According to Olivier Nduhungirehe, Rwanda’s current ambassador who previously served as the Deputy Permanent Representative at Permanent Mission of Rwanda to the UN when Rwanda was member of the UN Security Council 2013-14, “we kept on asking the Special Representative of the Secretary General why Monusco never attempted to neutralise the FDRL, as per its mandate. The answer was always that Monusco could not locate FDLR’s leaders. However, in June 2014, Monusco sent a helicopter to FDLR Leader Victor Byiringiro to fly him to Kinshasa, from where he would depart to Italy for a Sant’Egidio meeting. As he was under travel ban, Rwanda formally objected to the UNSCA while Byiringiro was already in Kinshasa.

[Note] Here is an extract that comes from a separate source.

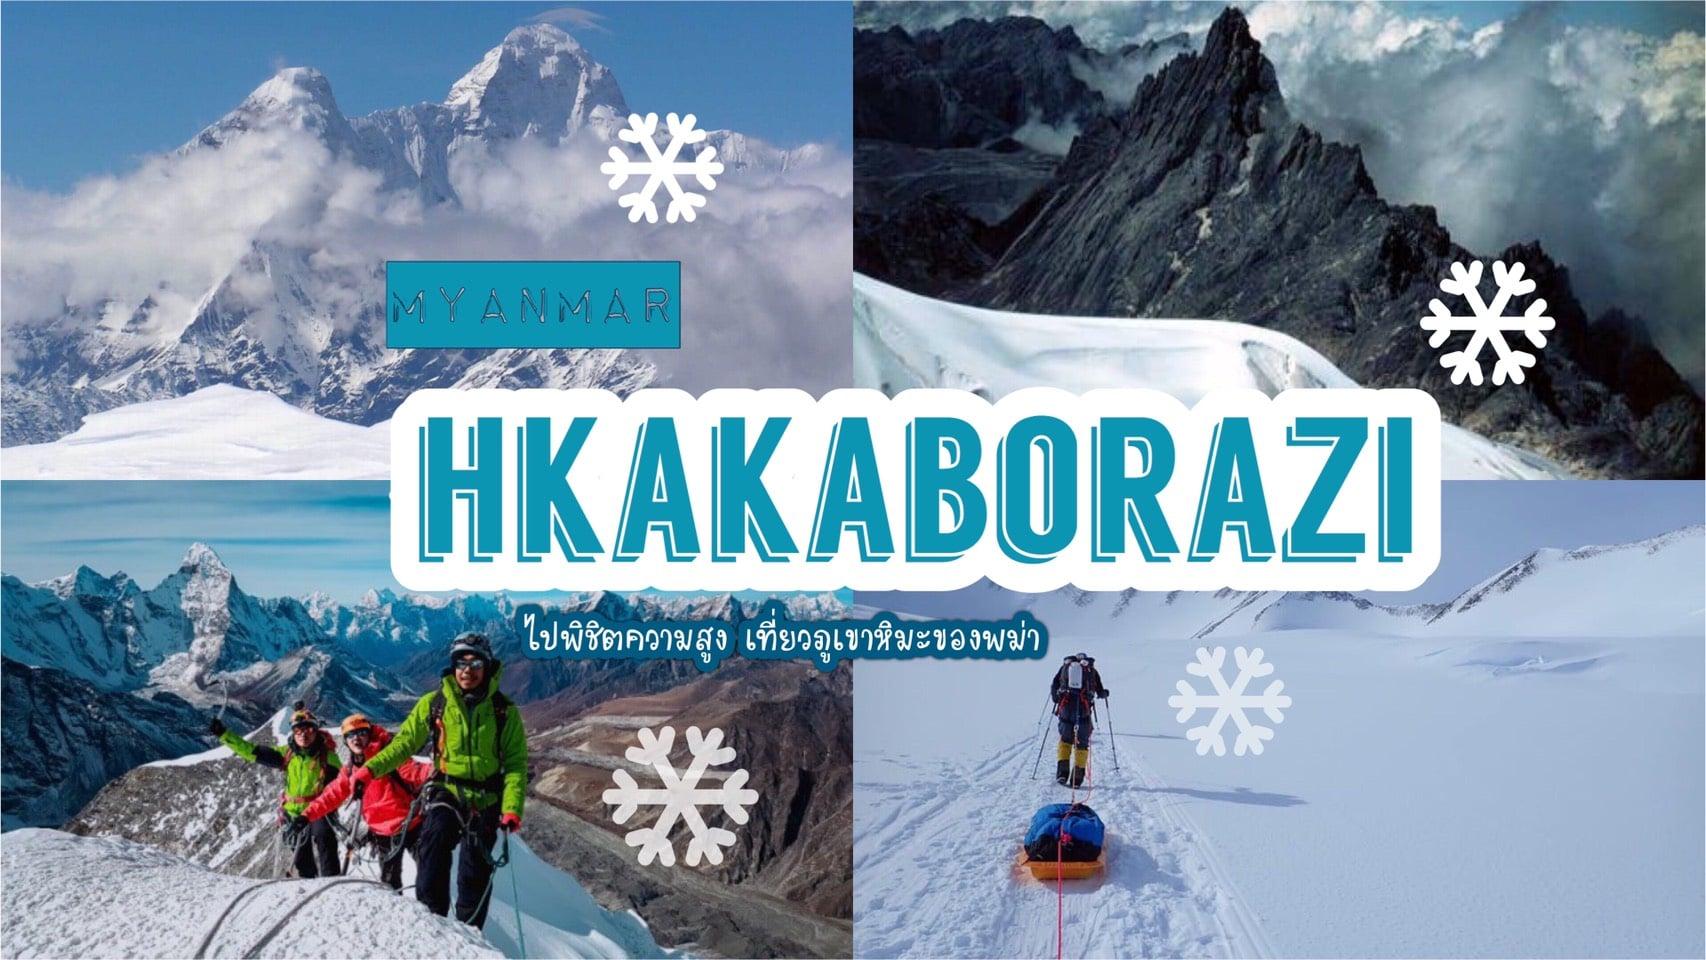 ทัวร์พม่า – เที่ยวภูเขาหิมะข่ากาโบราซีแห่งเมียนมาร์ หนึ่งเดียวในอาเซียนที่มีหิมะตลอดทั้งปี
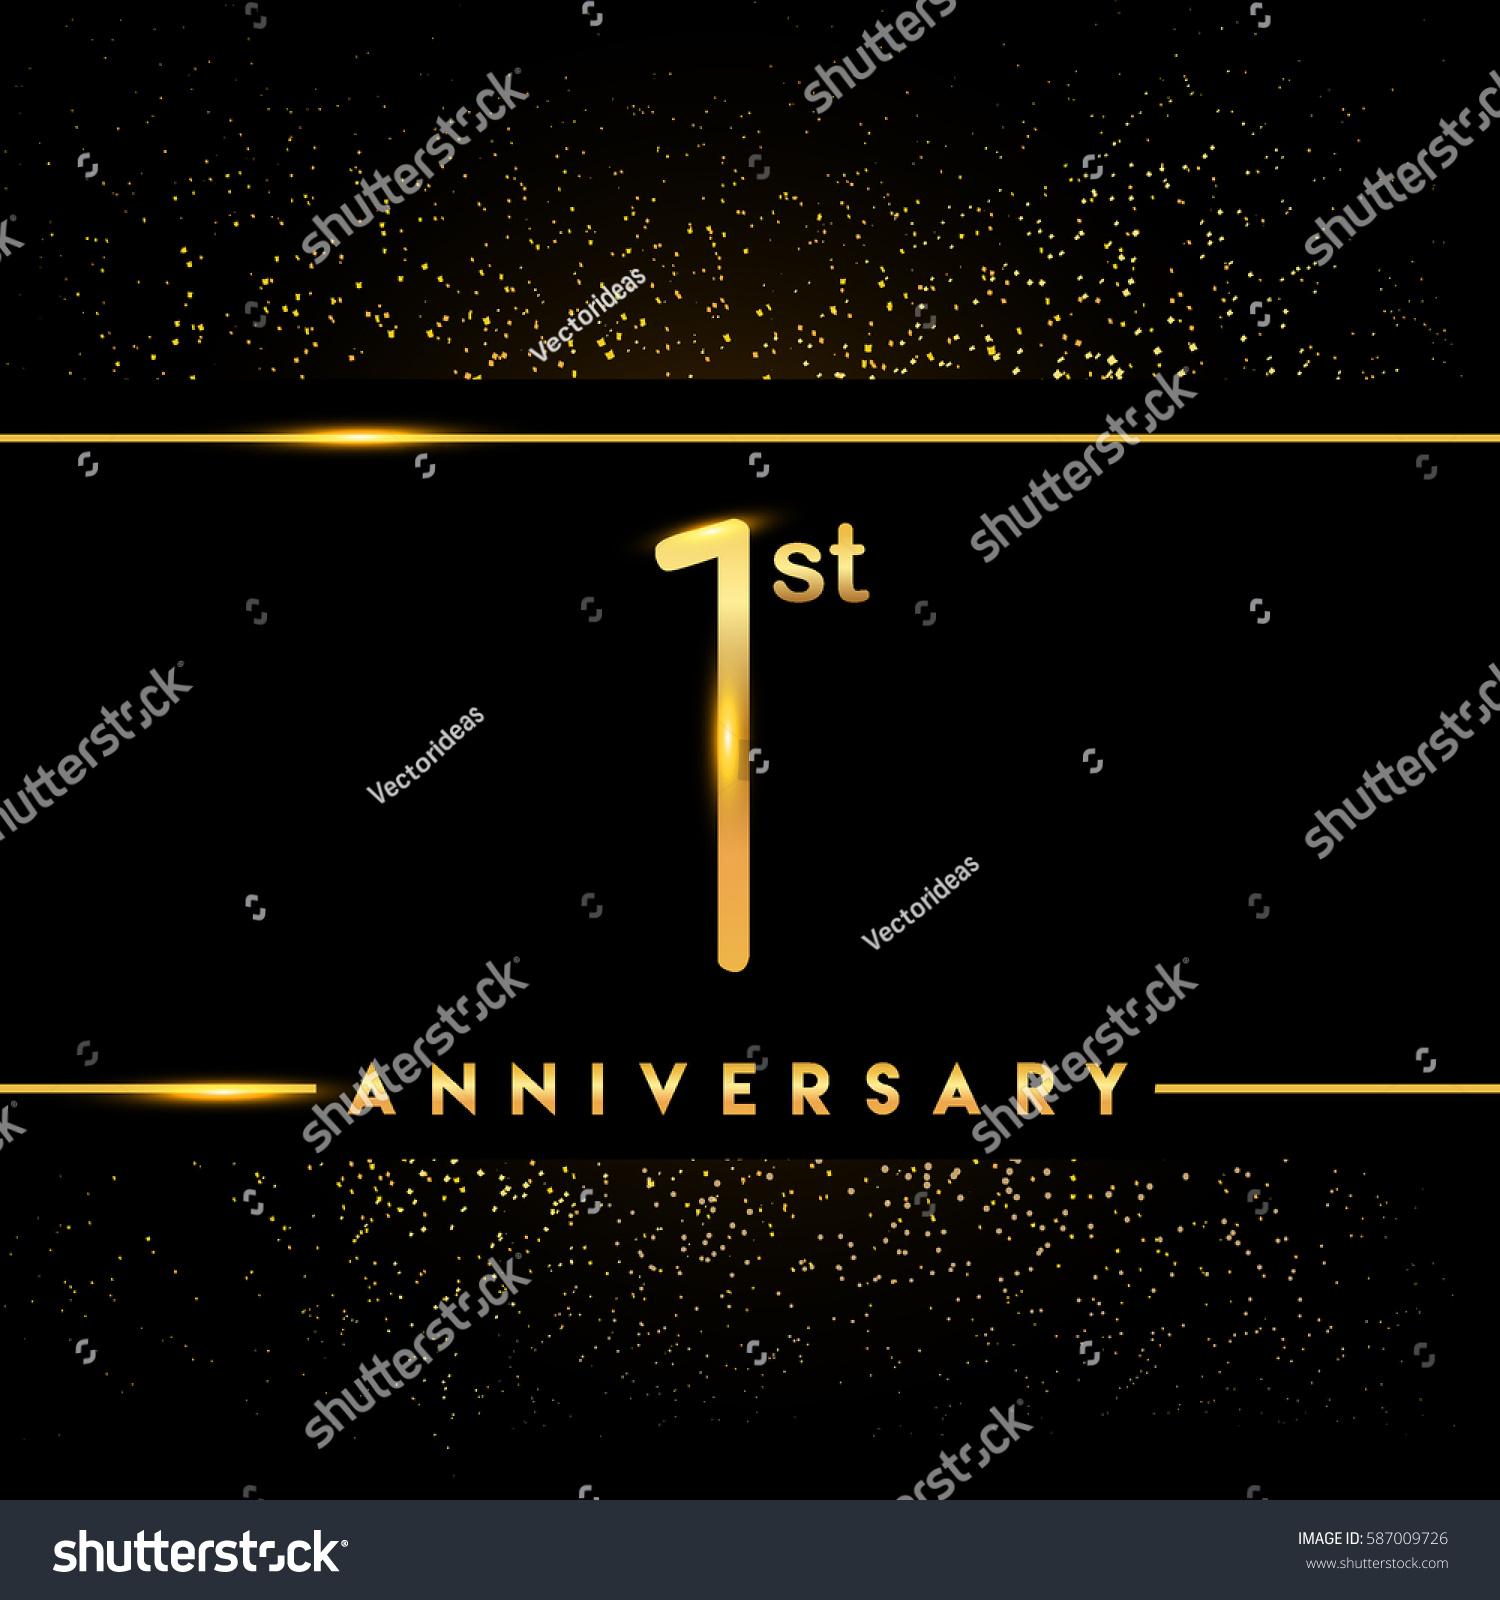 One year anniversary celebration logotype 1st stock vector 2018 one year anniversary celebration logotype 1st anniversary logo with confetti golden colored isolated on black stopboris Choice Image

This serious incident happened while the UN Group of Experts had, its 2013 final report and 2014 midterm report confirmed the collaboration at the local level between the FDLR and FARDC as well as political alliances between the FDLR and Rwanda’s opposition groups.” (In a tweet posted on 30/05/2022).

EAC governments are currently fighting specifically the Democratic Forces for the Liberation of Rwanda (FDLR) (originally from Rwanda), ADF (originally from Uganda) and Red Tabara (Burundi), operating in eastern part of Congo.

Rwanda-DRC trade (Data from World Bank Report: Rwanda Economic Update: Boosting Regional Integration in the Post-Covid Era): By 2019, Rwanda had exported more goods to the DRC than to the EAC. The main exports to the DRC include livestock and crops. The potential market which includes all goods either transiting or originating in Rwanda, totalled 4.2 million tonnes in 2018. The DRC accounted for 82 percent of total Rwandan informal exports to the four countries from 2012-2020.